LibMTL.model

resnet18(pretrained=False, progress=True, **kwargs)[source]

ResNet-18 model from “Deep Residual Learning for Image Recognition”

Parameters
  • pretrained (bool) – If True, returns a model pre-trained on the ImageNet dataset.

  • progress (bool) – If True, displays a progress bar of the download to stderr.

resnet34(pretrained=False, progress=True, **kwargs)[source]

ResNet-34 model from “Deep Residual Learning for Image Recognition”

Parameters
  • pretrained (bool) – If True, returns a model pre-trained on the ImageNet dataset.

  • progress (bool) – If True, displays a progress bar of the download to stderr.

resnet50(pretrained=False, progress=True, **kwargs)[source]

ResNet-50 model from “Deep Residual Learning for Image Recognition”

Parameters
  • pretrained (bool) – If True, returns a model pre-trained on the ImageNet dataset.

  • progress (bool) – If True, displays a progress bar of the download to stderr.

resnet101(pretrained=False, progress=True, **kwargs)[source]

ResNet-101 model from “Deep Residual Learning for Image Recognition”

Parameters
  • pretrained (bool) – If True, returns a model pre-trained on the ImageNet dataset.

  • progress (bool) – If True, displays a progress bar of the download to stderr.

resnet152(pretrained=False, progress=True, **kwargs)[source]

ResNet-152 model from “Deep Residual Learning for Image Recognition”

Parameters
  • pretrained (bool) – If True, returns a model pre-trained on the ImageNet dataset.

  • progress (bool) – If True, displays a progress bar of the download to stderr.

resnext50_32x4d(pretrained=False, progress=True, **kwargs)[source]

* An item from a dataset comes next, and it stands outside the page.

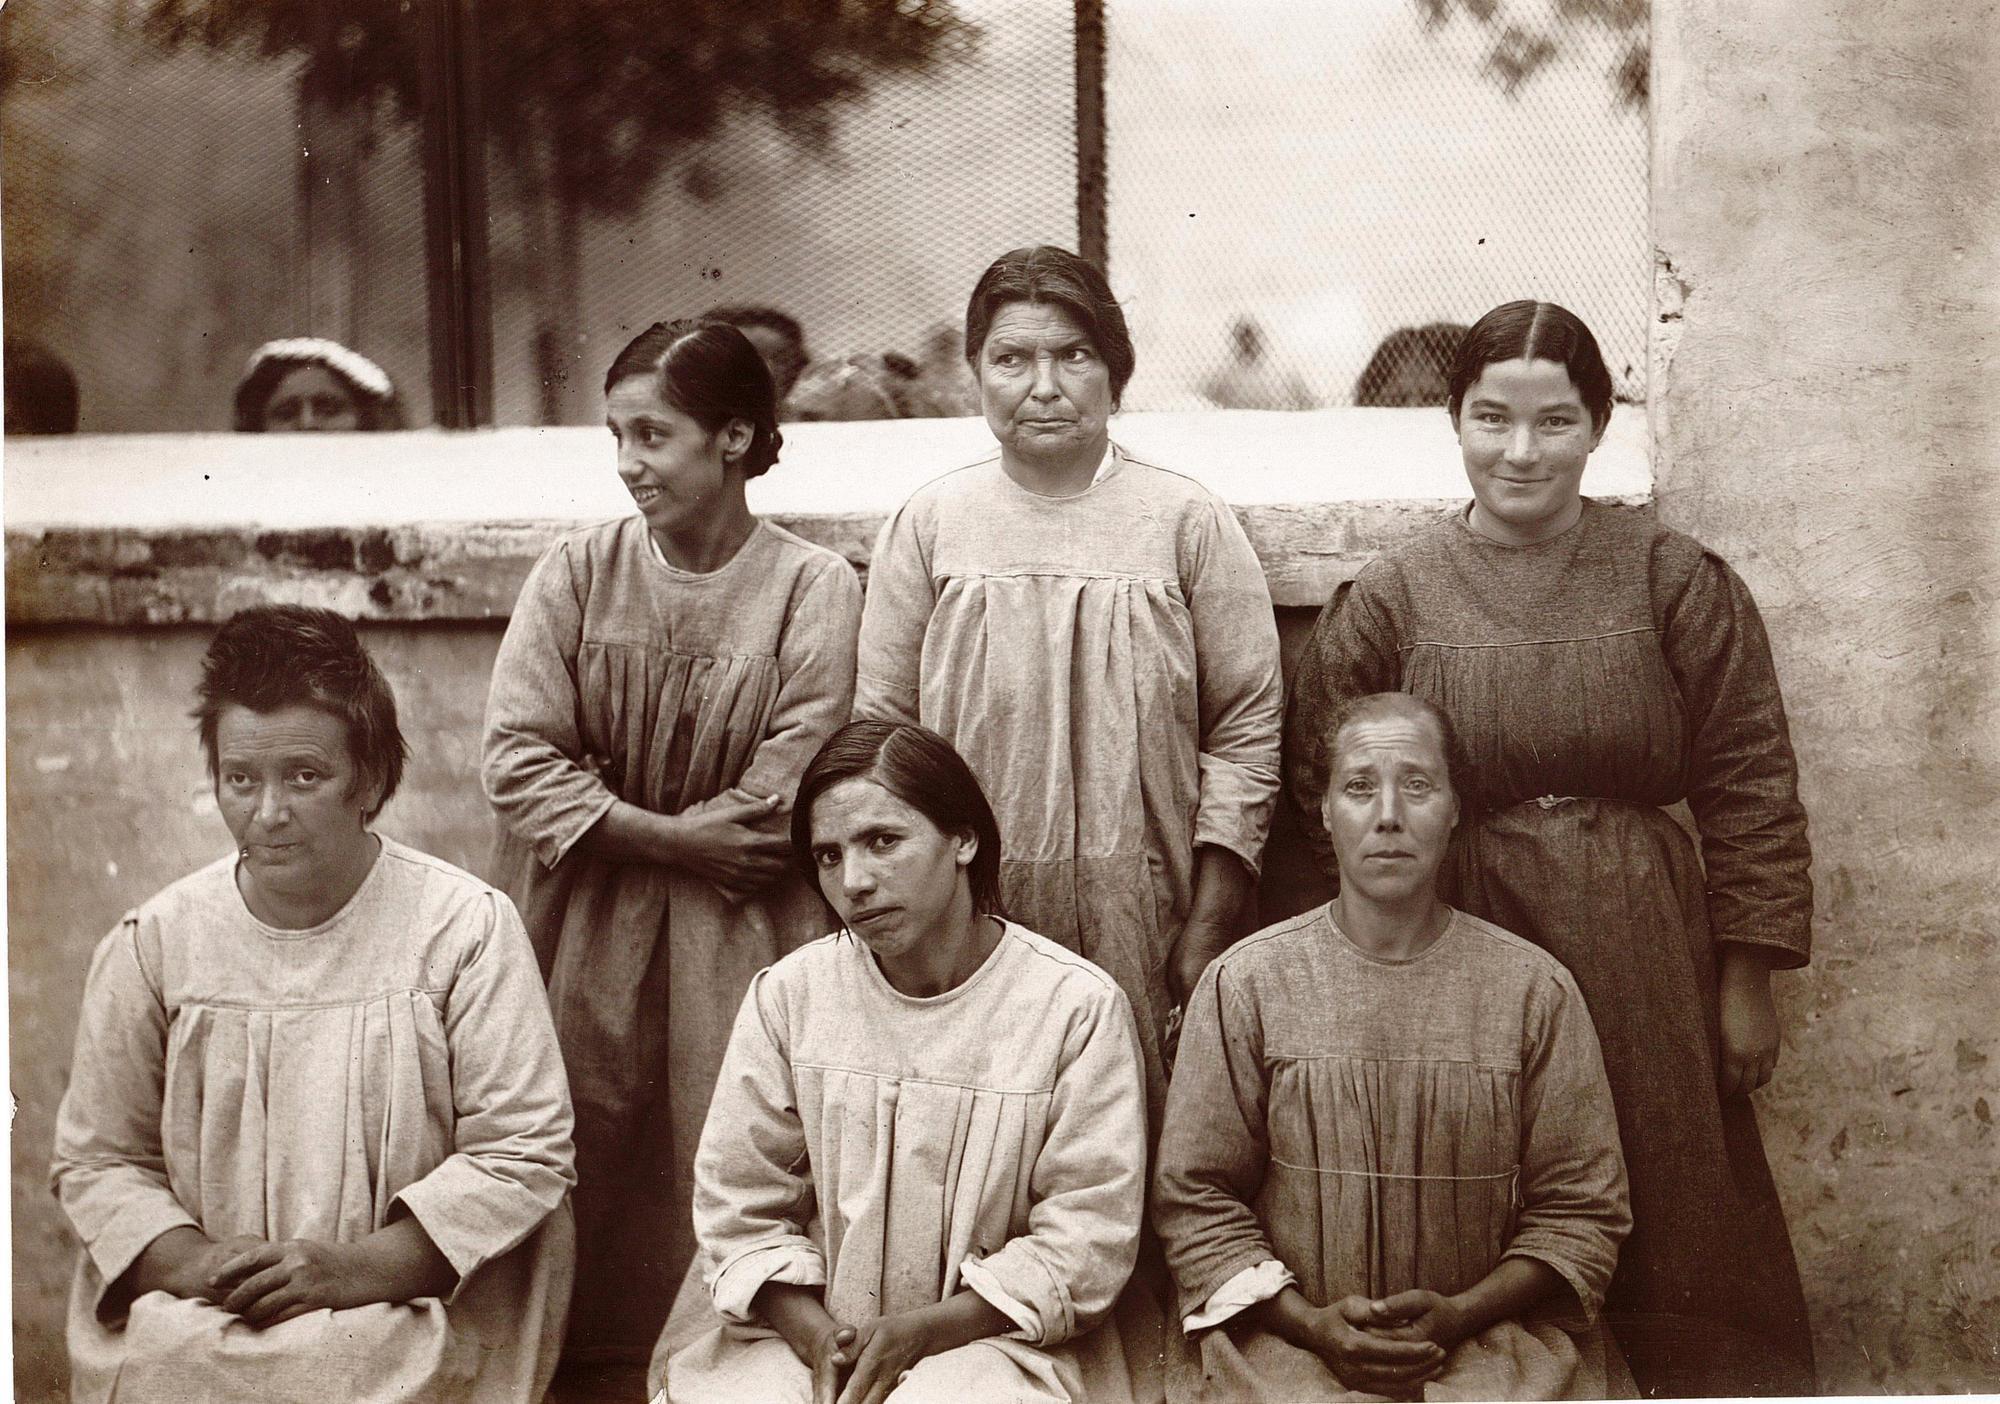 I fiori del male. Donne in manicomio nel regime fascista _foto_archivio

ResNeXt-50 32x4d model from “Aggregated Residual Transformation for Deep Neural Networks”

Parameters
  • pretrained (bool) – If True, returns a model pre-trained on the ImageNet dataset.

  • progress (bool) – If True, displays a progress bar of the download to stderr.

resnext101_32x8d(pretrained=False, progress=True, **kwargs)[source]

ResNeXt-101 32x8d model from “Aggregated Residual Transformation for Deep Neural Networks”

Parameters
  • pretrained (bool) – If True, returns a model pre-trained on the ImageNet dataset.

  • progress (bool) – If True, displays a progress bar of the download to stderr.

wide_resnet50_2(pretrained=False, progress=True, **kwargs)[source]

Wide ResNet-50-2 model from “Wide Residual Networks”

The model is the same as ResNet except for the number of bottleneck channels which is twice larger in every block. The number of channels in outer 1x1 convolutions is the same, e.g., the last block in ResNet-50 has 2048-512-2048 channels, while in wide ResNet-50-2 there are 2048-1024-2048.

Parameters
  • pretrained (bool) – If True, returns a model pre-trained on the ImageNet dataset.

  • progress (bool) – If True, displays a progress bar of the download to stderr.

wide_resnet101_2(pretrained=False, progress=True, **kwargs)[source]

Wide ResNet-101-2 model from “Wide Residual Networks”

The model is the same as ResNet except for the number of bottleneck channels which is twice larger in every block. The number of channels in outer 1x1 convolutions is the same, e.g., the last block in ResNet-101 has 2048-512-2048 channels, while in wide ResNet-101-2 there are 2048-1024-2048.

Parameters
  • pretrained (bool) – If True, returns a model pre-trained on the ImageNet dataset.

  • progress (bool) – If True, displays a progress bar of the download to stderr.

resnet_dilated(basenet, pretrained=True, dilate_scale=8)[source]

Dilated Residual Network models from “Dilated Residual Networks”

Parameters
  • basenet (str) – The type of ResNet.

  • pretrained (bool) – If True, returns a model pre-trained on ImageNet.

  • dilate_scale ({8, 16}, default=8) – The type of dilating process.